（LightOJ 1149） Factors and Multiples

Description
You will be given two sets of integers. Let‘s call them set A and set B. Set A contains n elements and set B contains m elements. You have to remove k1 elements from set A and k2 elements from set B so that of the remaining values no integer in set B is a multiple of any integer in set A. k1 should be in the range [0, n] and k2 in the range [0, m].

You have to find the value of (k1 + k2) such that (k1 + k2) is as low as possible. P is a multiple of Q if there is some integer K such that P = K * Q.



Suppose set A is {2, 3, 4, 5} and set B is {6, 7, 8, 9}. By removing 2 and 3 from A and 8 from B, we get the sets {4, 5} and {6, 7, 9}. Here none of the integers 6, 7 or 9 is a multiple of 4 or 5.

So for this case the answer is 3 (two from set A and one from set B).

Input
Input starts with an integer T (≤ 50), denoting the number of test cases.

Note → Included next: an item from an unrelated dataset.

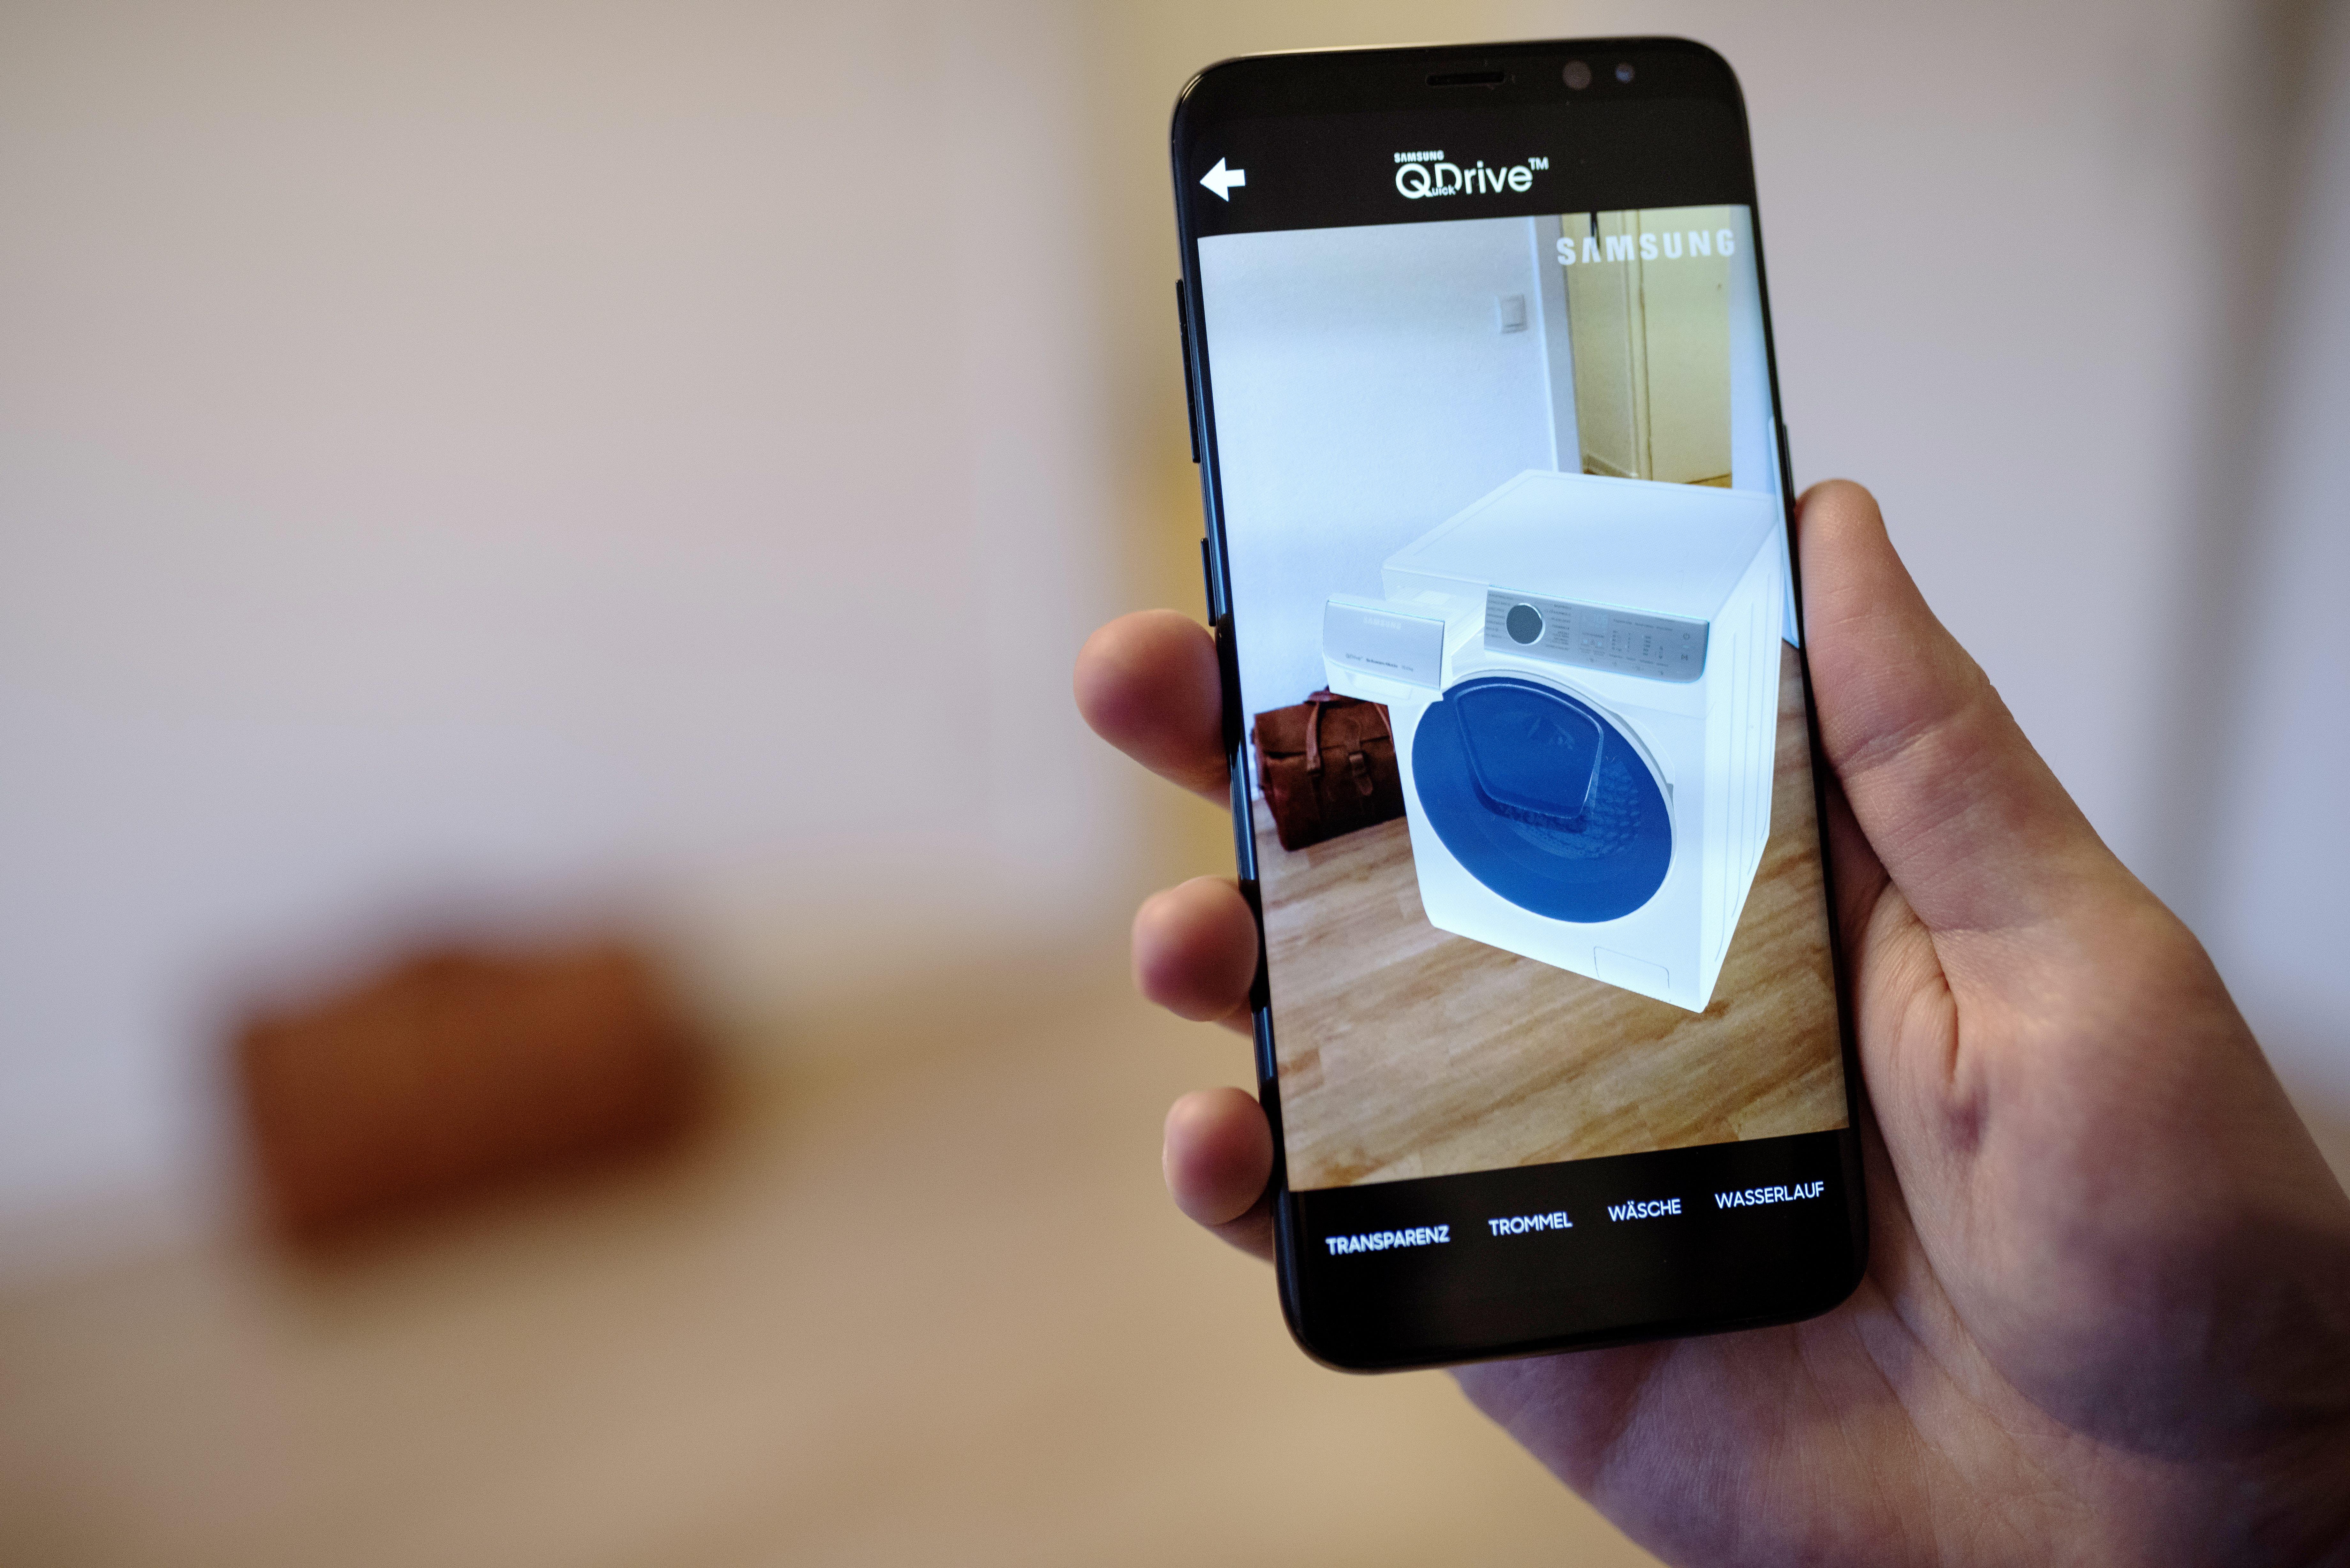 samsung integriert augmented reality in trainingsma nahmen. Black Bedroom Furniture Sets. Home Design Ideas
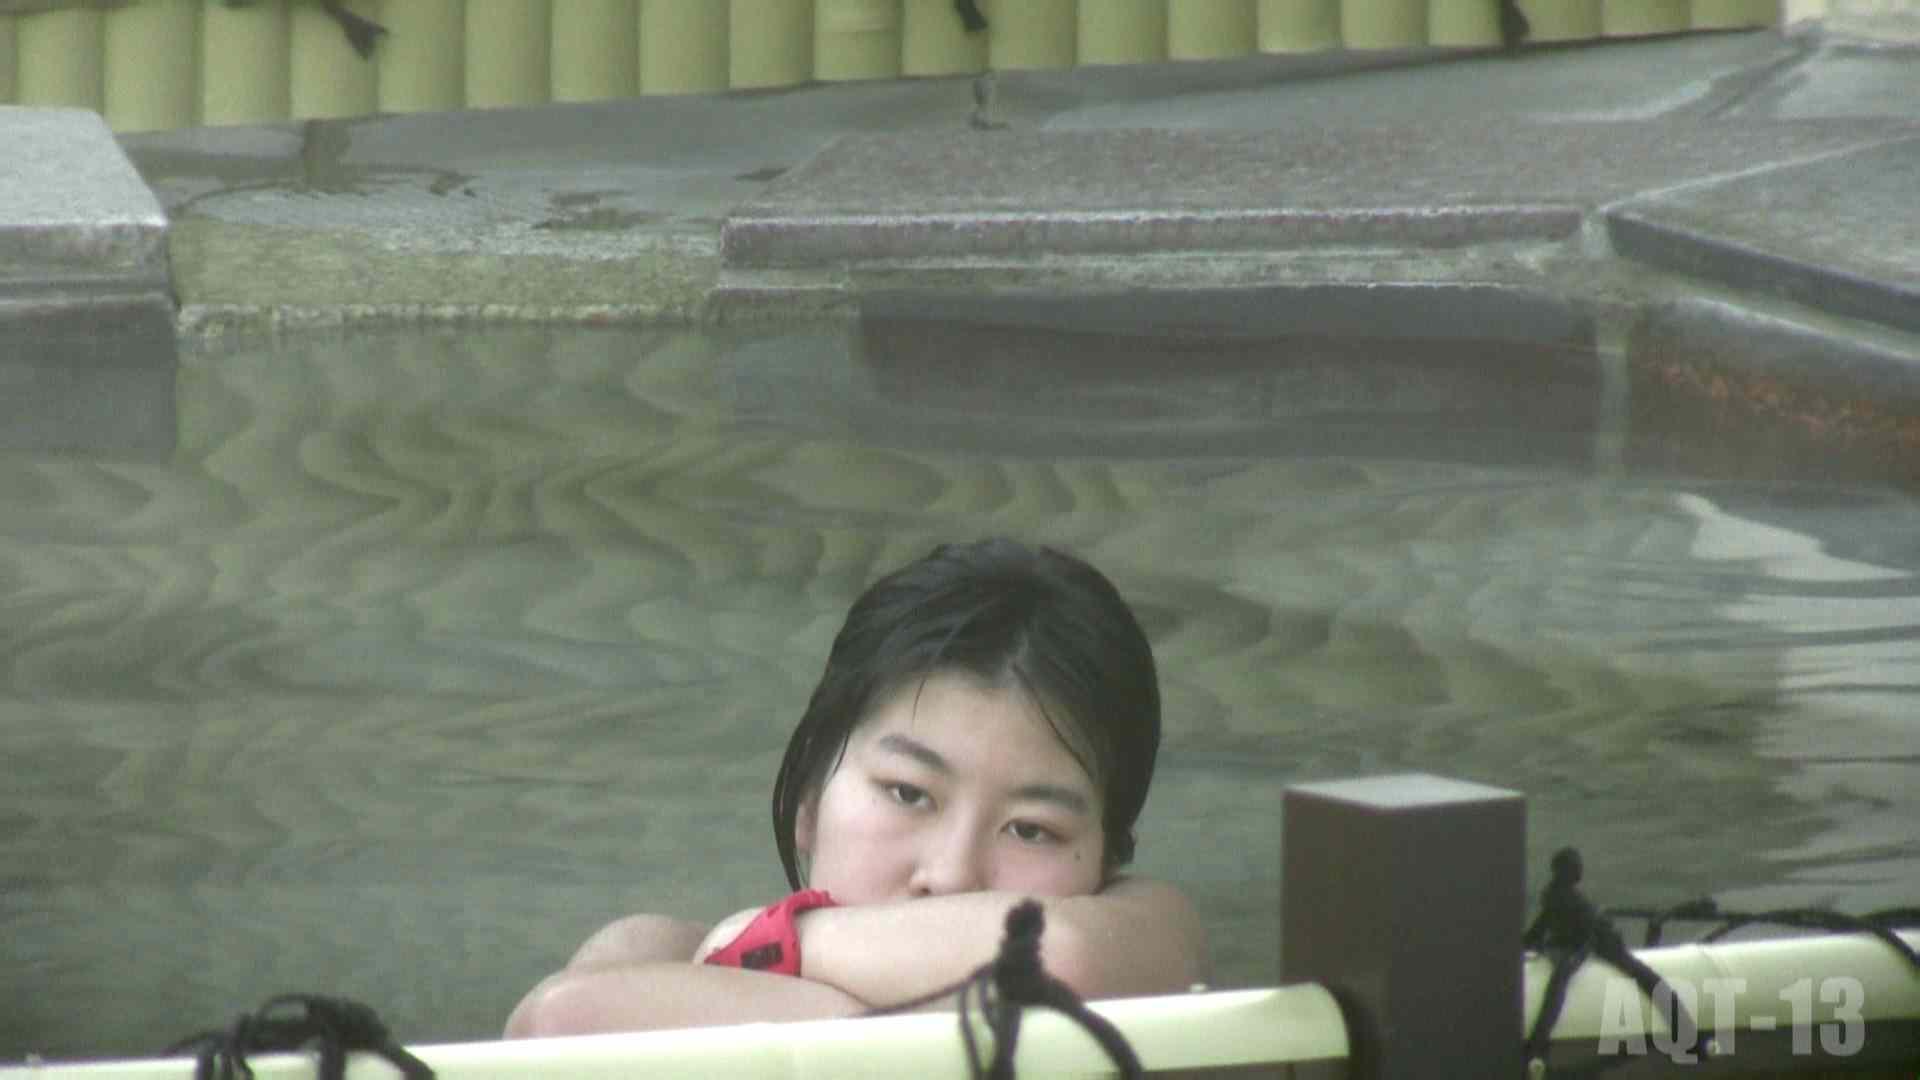 Aquaな露天風呂Vol.816 露天 AV動画キャプチャ 105PICs 62

The first line of each case starts with an integer n followed by n positive integers. The second line starts with m followed by m positive integers. Both n and m will be in the range [1, 100]. Each element of the two sets will fit in a 32 bit signed integer.

Output
For each case of input, print the case number and the result.

Sample Input
2
4 2 3 4 5
4 6 7 8 9
3 100 200 300
1 150
Sample Output
Case 1: 3
Case 2: 0

#include <iostream>
#include <cstring>
#include <cstdlib>
#include <cstdio>
#include <math.h>
#include <algorithm>
#include <queue>
using namespace std;

#define met(a,b) memset(a,b,sizeof(a))
#define ll long long
#define N 505
int Map[N][N],vis[N],used[N];
int a[N],b[N];
int n,m;
int han(int u)
{
    for(int i=1;i<=m;i++)
    {
        if(!vis[i] && Map[u][i])
        {
            vis[i]=1;
            if(!used[i] || han(used[i]))
            {
                used[i]=u;
                return 1;
            }
        }
    }
    return 0;
}
int main()
{
    int t,con=1;
    scanf("%d",&t);
    while(t--)
    {
        scanf("%d",&n);met(Map,0);
        for(int i=1;i<=n;i++)
            scanf("%d",&a[i]);
        scanf("%d",&m);
        for(int i=1;i<=m;i++)
        scanf("%d",&b[i]);
        for(int i=1;i<=n;i++)
        {
            for(int j=1;j<=m;j++)
                if(b[j]%a[i]==0)
                Map[i][j]=1;
        }
        met(used,0);int sum=0;
        for(int i=1;i<=n;i++)
        {
            met(vis,0);
            sum+=han(i);
        }

        printf("Case %d: %d\n",con++,sum);
    }
    return 0;
}